We eventually left, leaving Grants behind for good. Most of the day, we followed a moderately busy highway out of town, which passed by a prison. Signs warned not to pick up hitchhikers (too bad for thru-hikers wanting to hitch into town!) More oddly, another signed seemed to call it the "Cibola Hospitality Center." If that's their idea of hospitality, I'd just as soon prefer to avoid it!

Evenstar and I largely walked at our own pace along the road but never leaving sight of each other.

Later in the afternoon, we reached a trailhead and finally got off of roads. At the trailhead was a trashcan which I was excited to finally see. On Guthook, people were raving about this trash can.

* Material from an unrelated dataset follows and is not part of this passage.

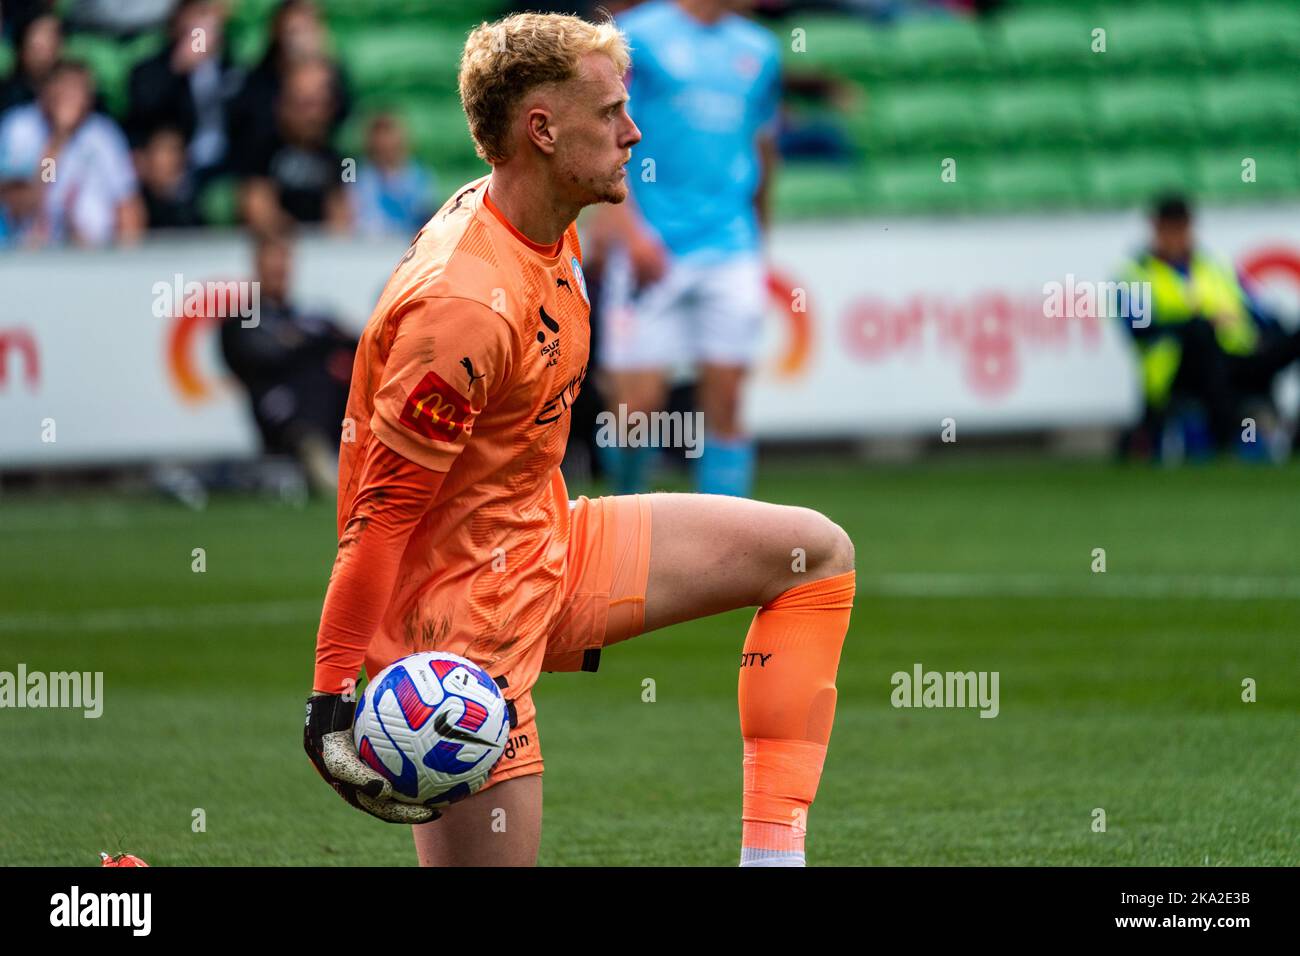 Melbourne, Australia. 30,October, 2022. Melbourne City Goalkeeper Thomas Glover #1 recovers after performing a save during Round 4 Melbourne City vs. Wellington Phoenix game at AAMI Park Credit: James Forrester/Alamy Live News. Stock Photo

I knew the "reviews" were in jest--but they were pretty funny, and it made me actually want to see the trash bins that caused so much amusement. =)

It was a standard-issue trash can built to resist bears and other animals, but nothing particularly extraordinary. It was what I expected pretty much, but I still needed a photo of myself throwing some trash into it. =)

And from the trailhead, the trail climbed steeply about 1,000 feet up to the top of a plateau where we arrived shortly before sunset and set up camp. The location had a great view looking down from the plateau back towards Grants and down toward the prison. And how exciting would it be if there was a prison escape while we were camped up here?!

The only snake I saw all day was this dead one on the sidewalk. How did it end up on the sidewalk, though? Hmm.....

A park at the edge of town actually created official signage for CDT hikers pointing us to water at the local dog park!

The fire hydrant at the dog park. Cute. =)

I pretend to hitchhike by this sign telling people not to pick up hitchhikers. Talk about a tough place to hitch!

You can call it a "hospitality center," but I'm still going to call it a prison.


Kristin aka Trekkie Gal said...

So where is the photo of you throwing trash into the amazing trash can?

Michael said...

I was going to ask the same thing! There's a picture of a snake and a fire hydrant, but not the famous trash can.

Michael said...

Also, I did a search for "Cibola Hospitality Center" and the search results are humorous. It sounds like a shell corporation. This is the best website I could find:

Mary said...

It's a prison support place. It's listed in that website in the lower right-side of the page. Maybe it's there to support the families of the prisoners. It's a nicer name than "Support for Prisoners' Families." It may be there to support prisoners who are released. Apparently, they don't want to divulge too much information about it (if you need to know, you'll know!) but they have have A LOT of money that I found on another site.